Aim of the task: For this exercise, copy exactly every line from the one holding "хэтчбек 3 дв." through the end of the data, both included. Omit pictures.

Data section:

---

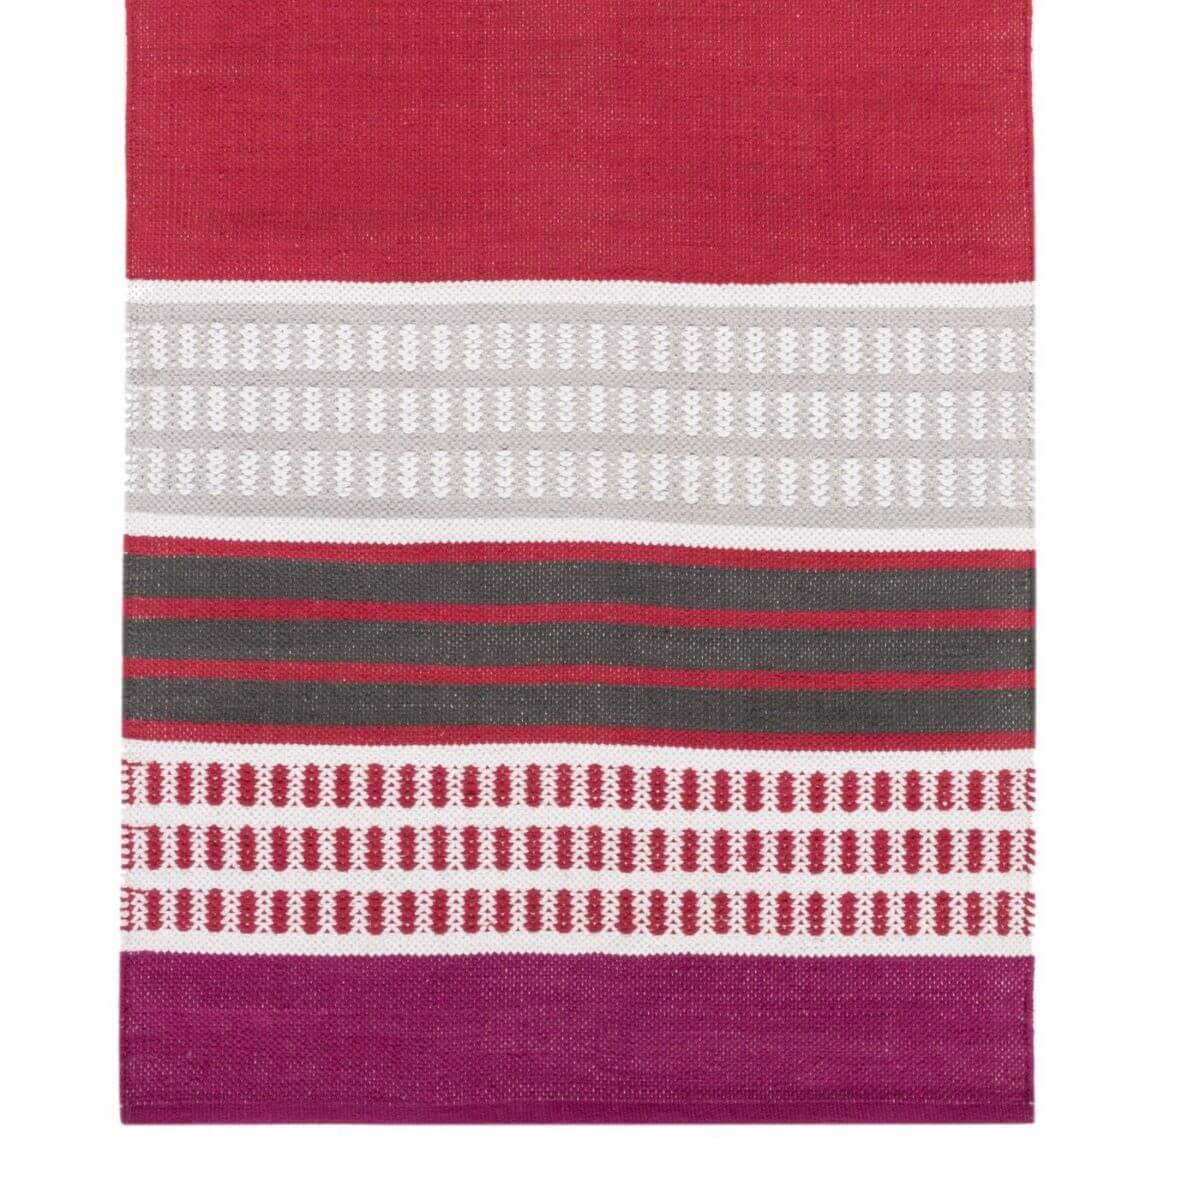 Dywan skandynawski czerwony 80x150 PALLAS. Geometryczny wzór w czerwone pasy i paski dywanu z bawełny do nowoczesnej sypialni w stylu skandynawskim
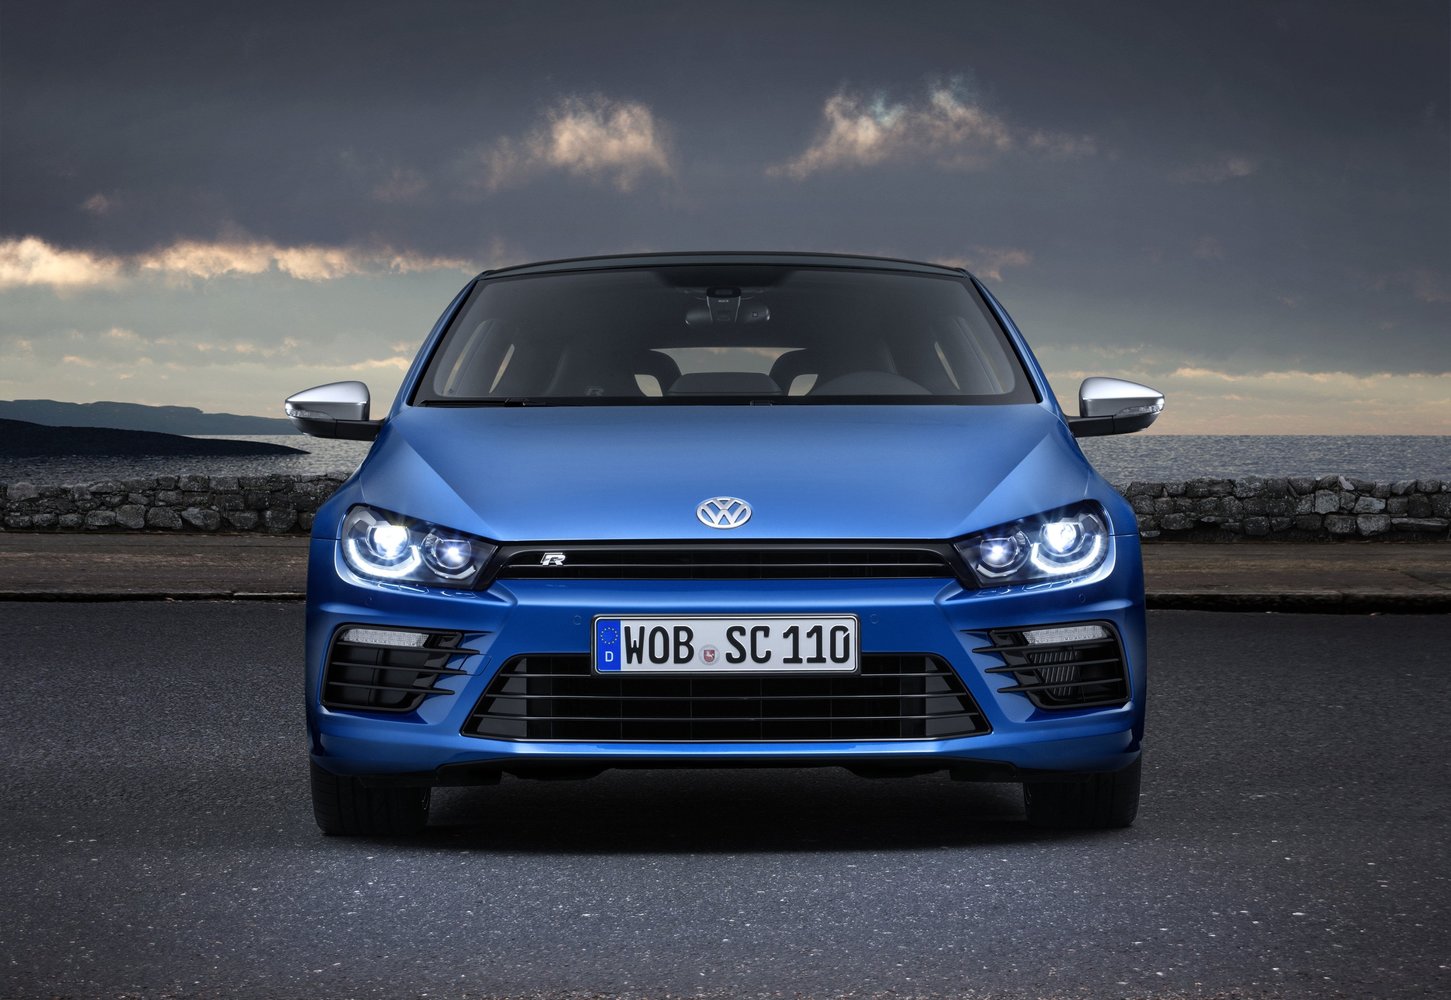 хэтчбек 3 дв. Volkswagen Scirocco R 2014 - 2016г выпуска модификация 2.0 AMT (280 л.с.)
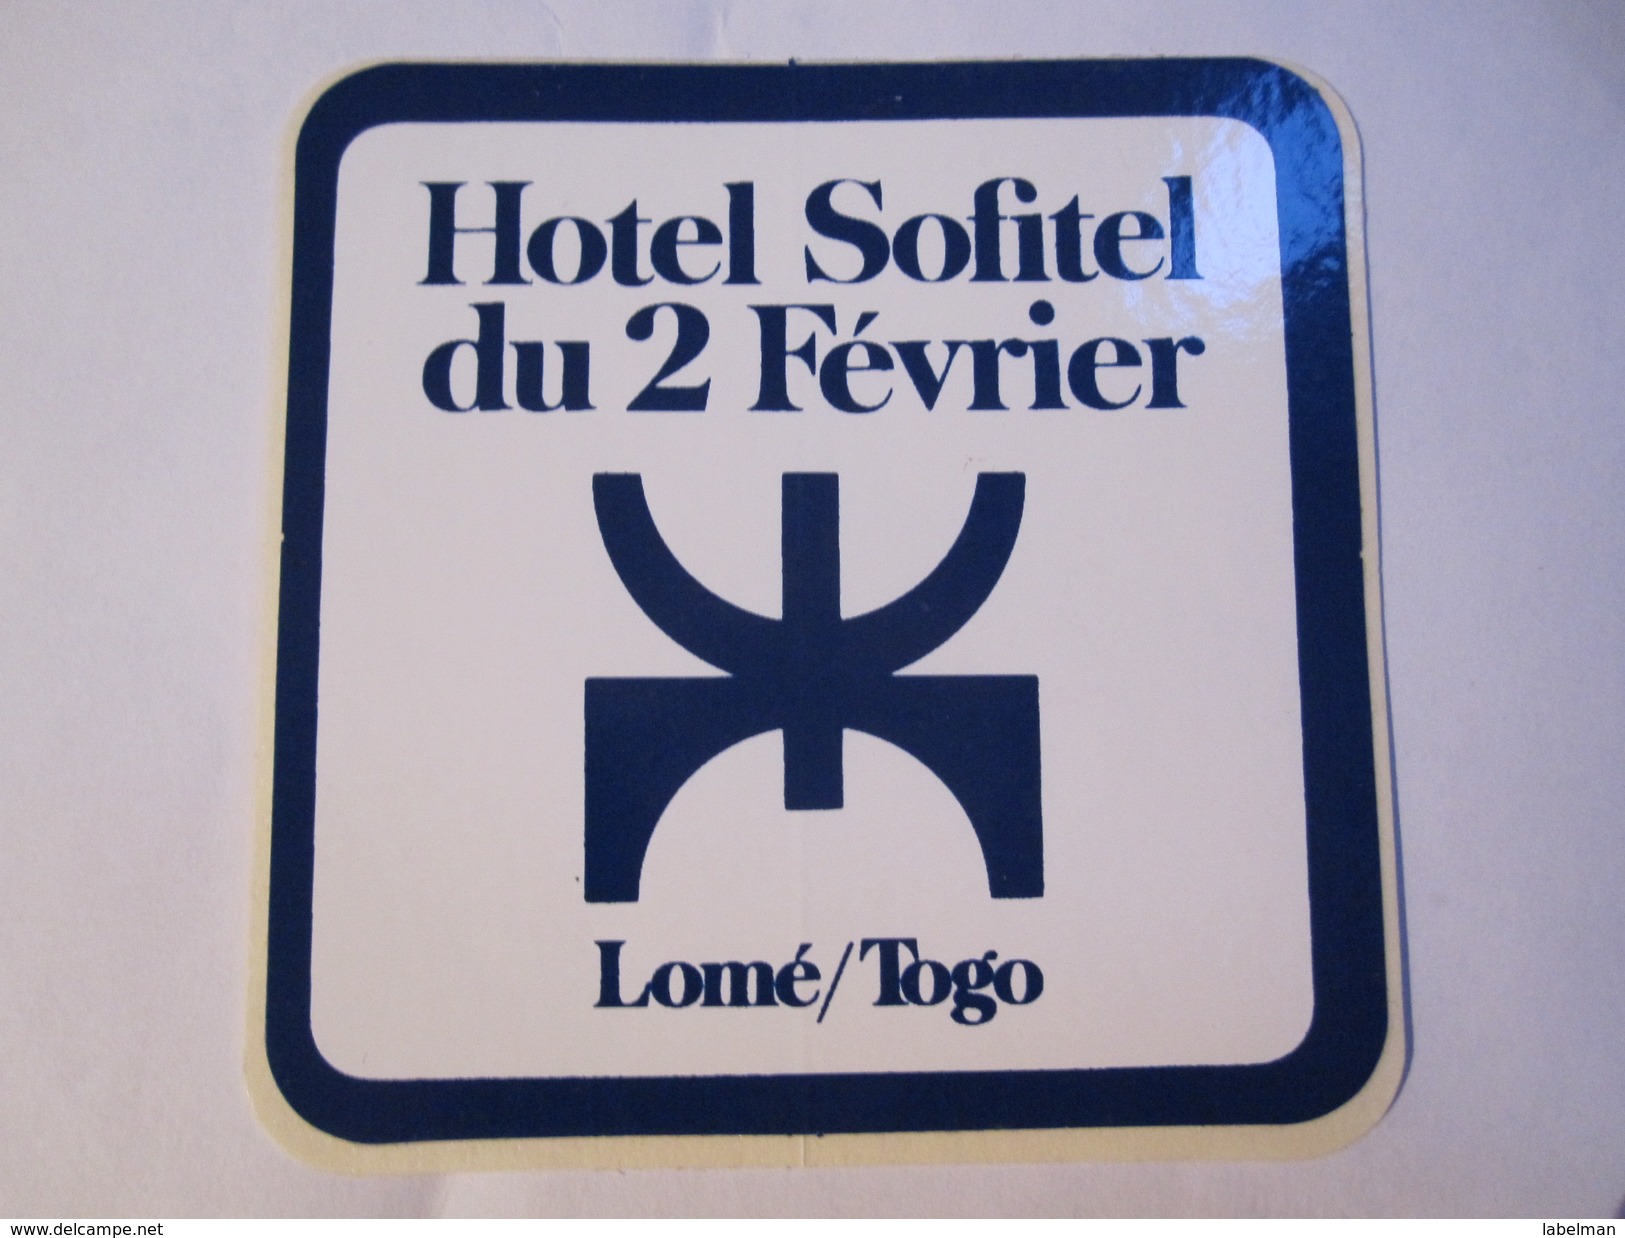 HOTEL MOTEL PENSION SOFITEL DU 2 FEVRIER LOME TOGO OLD TAG STICKER DECAL LUGGAGE LABEL ETIQUETTE AUFKLEBER - Hotel Labels

---

Output:
 хэтчбек 3 дв. Volkswagen Scirocco R 2014 - 2016г выпуска модификация 2.0 AMT (280 л.с.)
 HOTEL MOTEL PENSION SOFITEL DU 2 FEVRIER LOME TOGO OLD TAG STICKER DECAL LUGGAGE LABEL ETIQUETTE AUFKLEBER - Hotel Labels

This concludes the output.